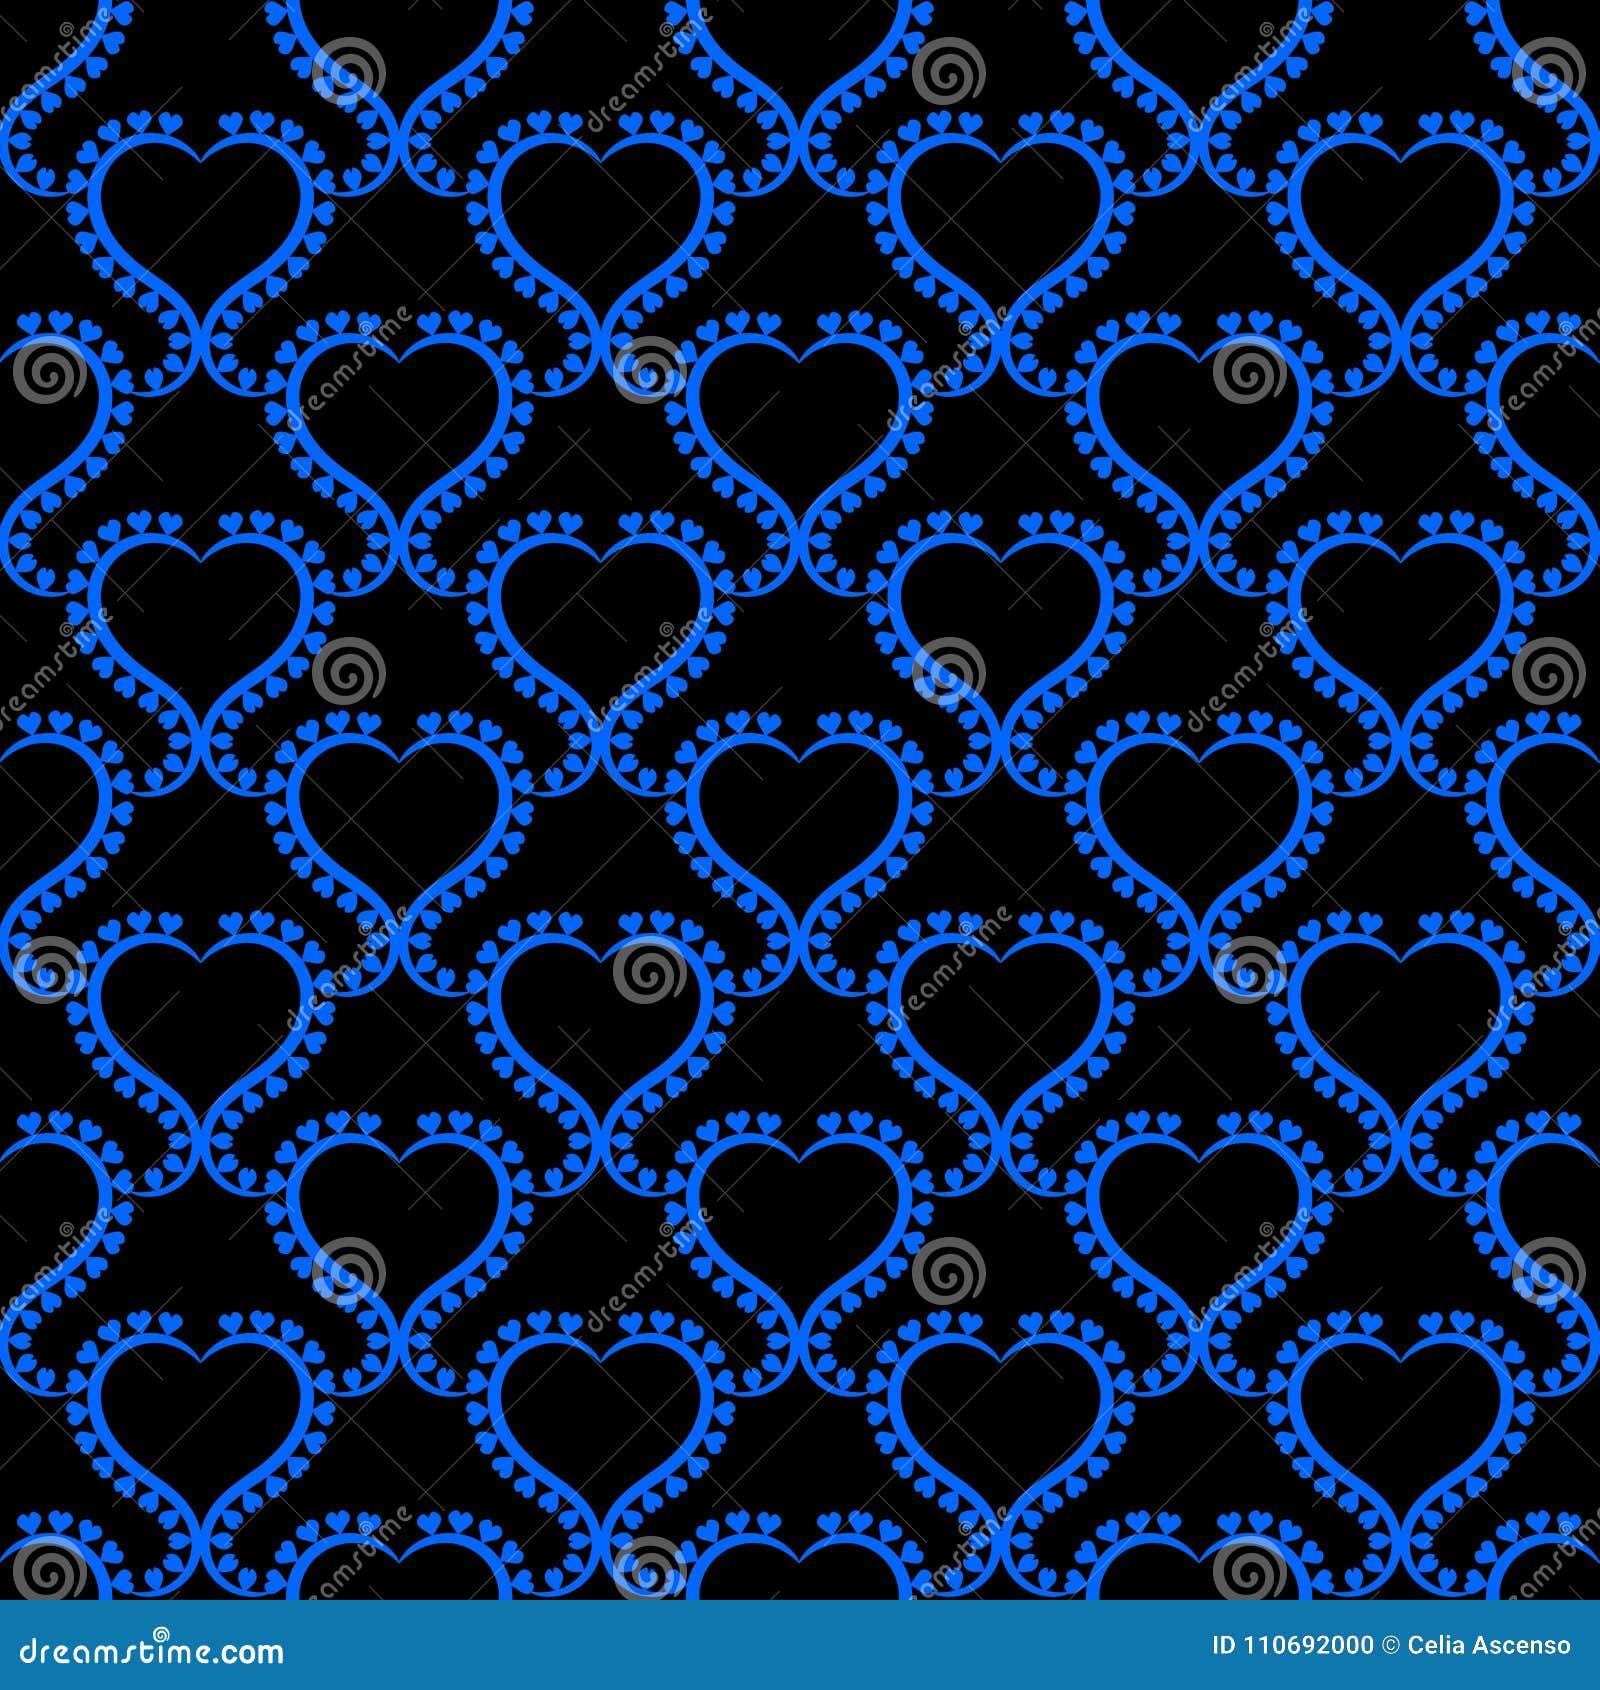 Papel pintado inconsútil azul de los corazones de la noche
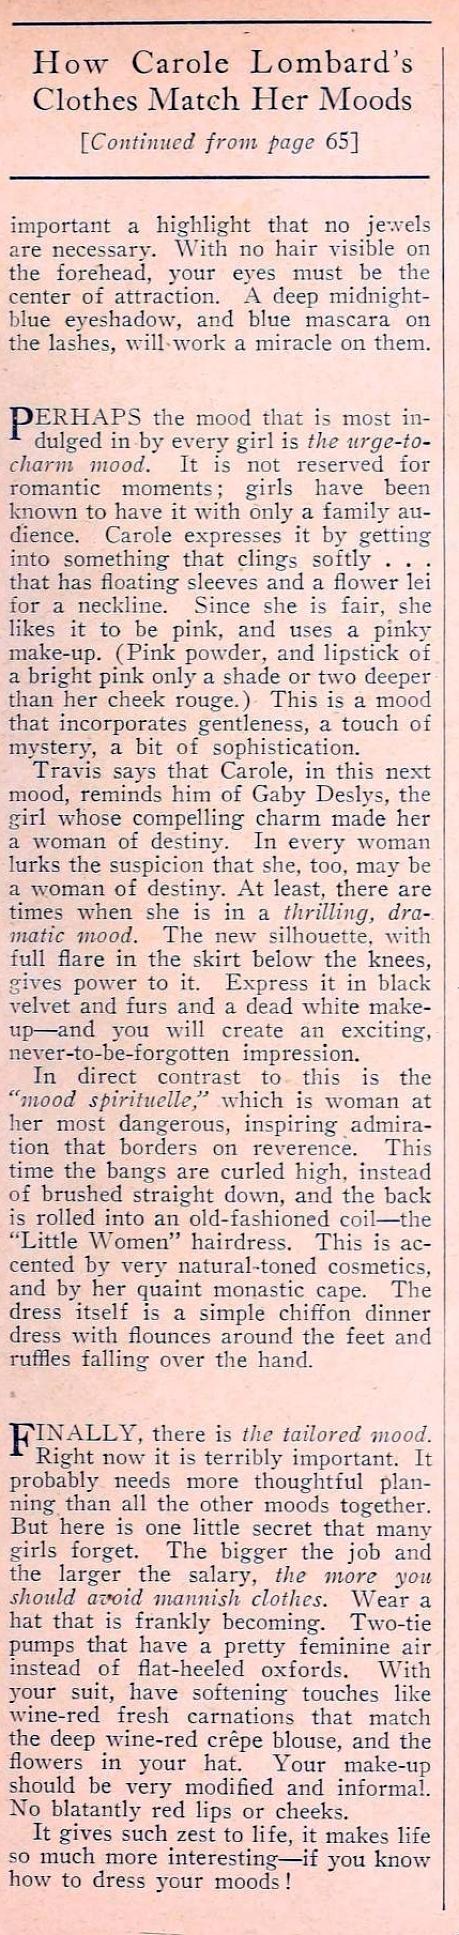 carole lombard movie classic september 1935ea
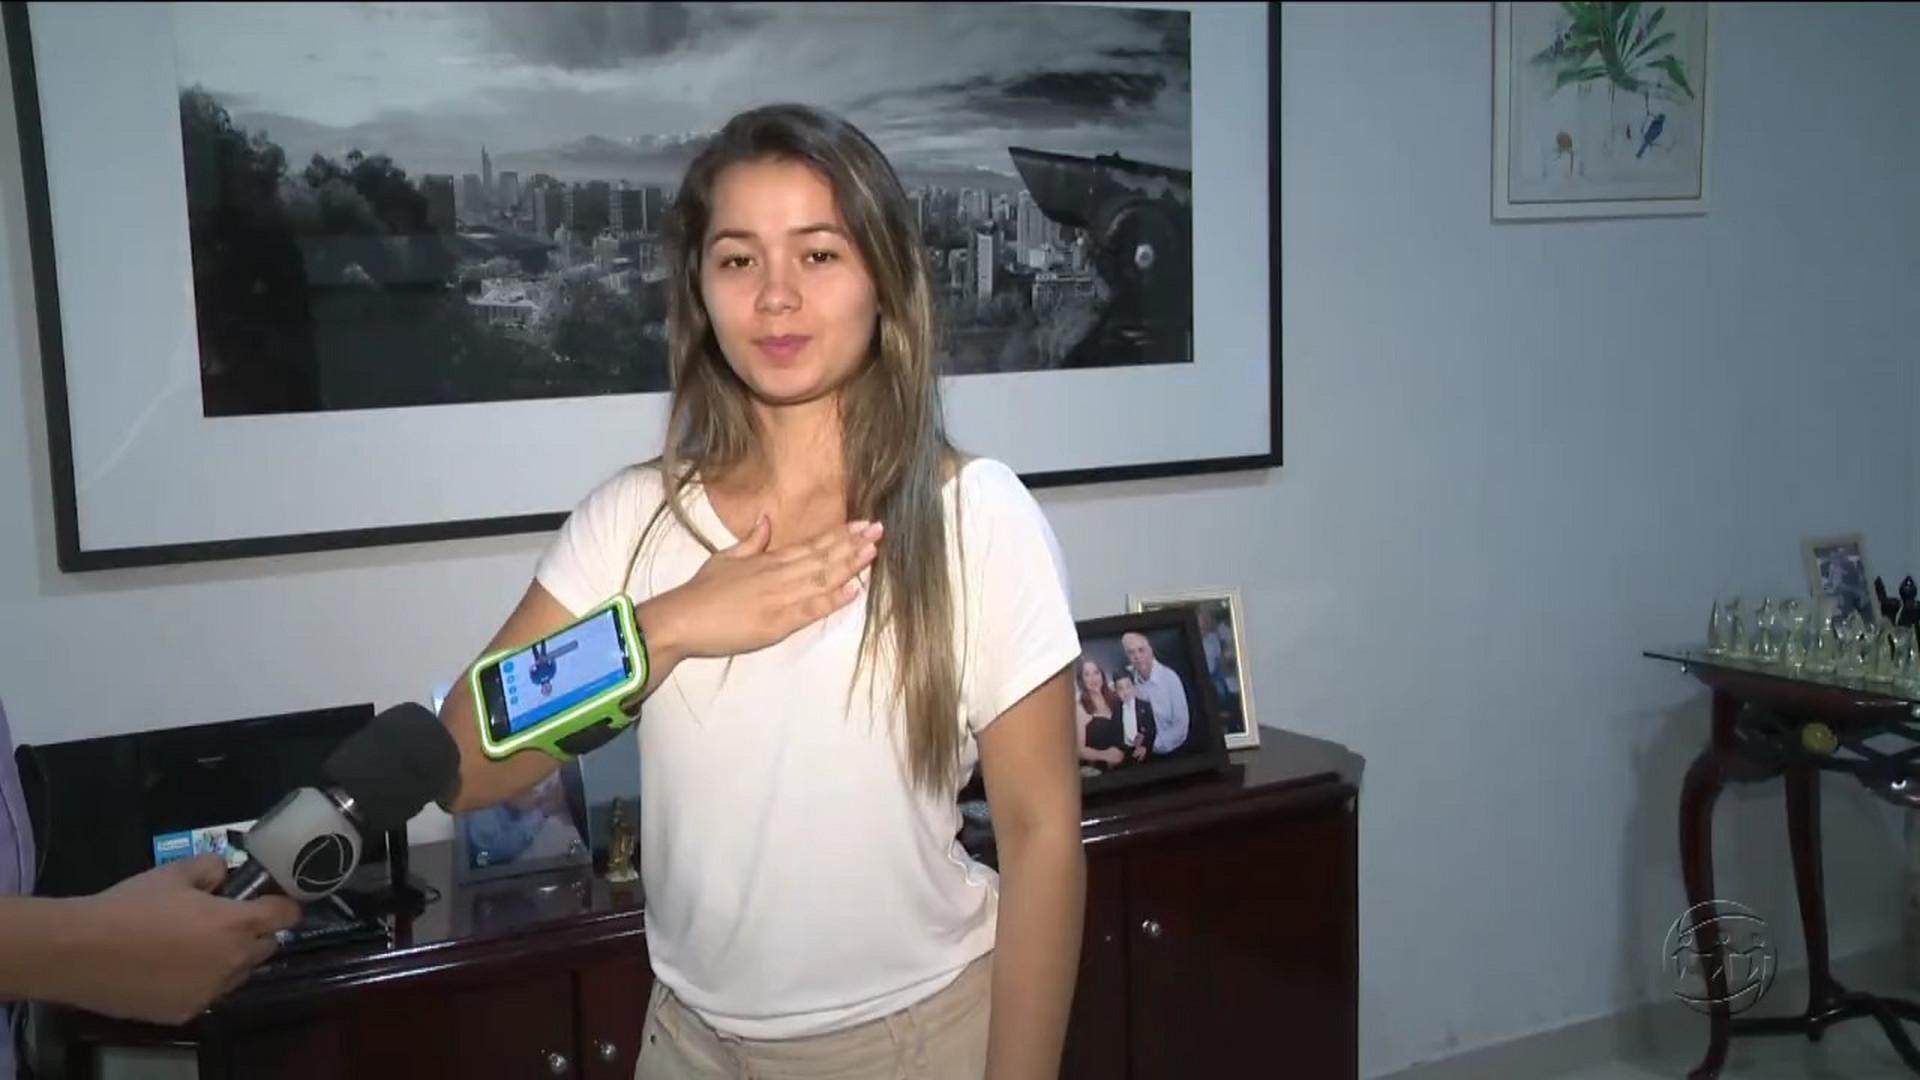 APLICATIVO FACILITA COMUNICAÇÃO ENTRE SURDOS - A Crítica Na Tv - 12/12/17
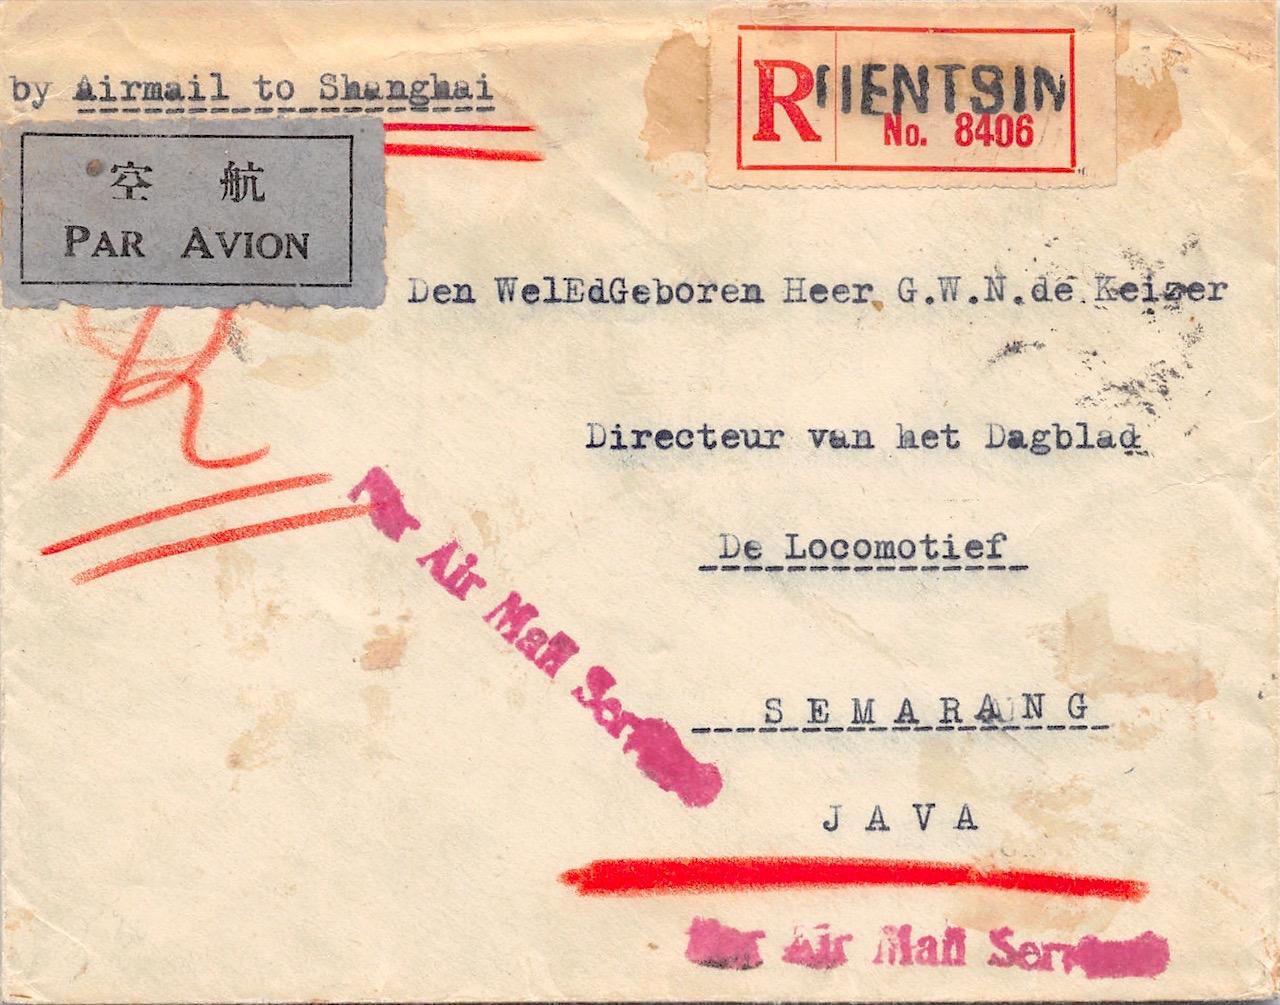 1933, Luftpost-Einschreibbrief mit Massenfrankatur aus Tientsin nach Java

# Required action:
Reproduce the data exactly, please, and omit its pictures.

# Exercise answer:
 Papel pintado inconsútil azul de los corazones de la noche
 carole lombard movie classic september 1935ea
 APLICATIVO FACILITA COMUNICAÇÃO ENTRE SURDOS - A Crítica Na Tv - 12/12/17
 1933, Luftpost-Einschreibbrief mit Massenfrankatur aus Tientsin nach Java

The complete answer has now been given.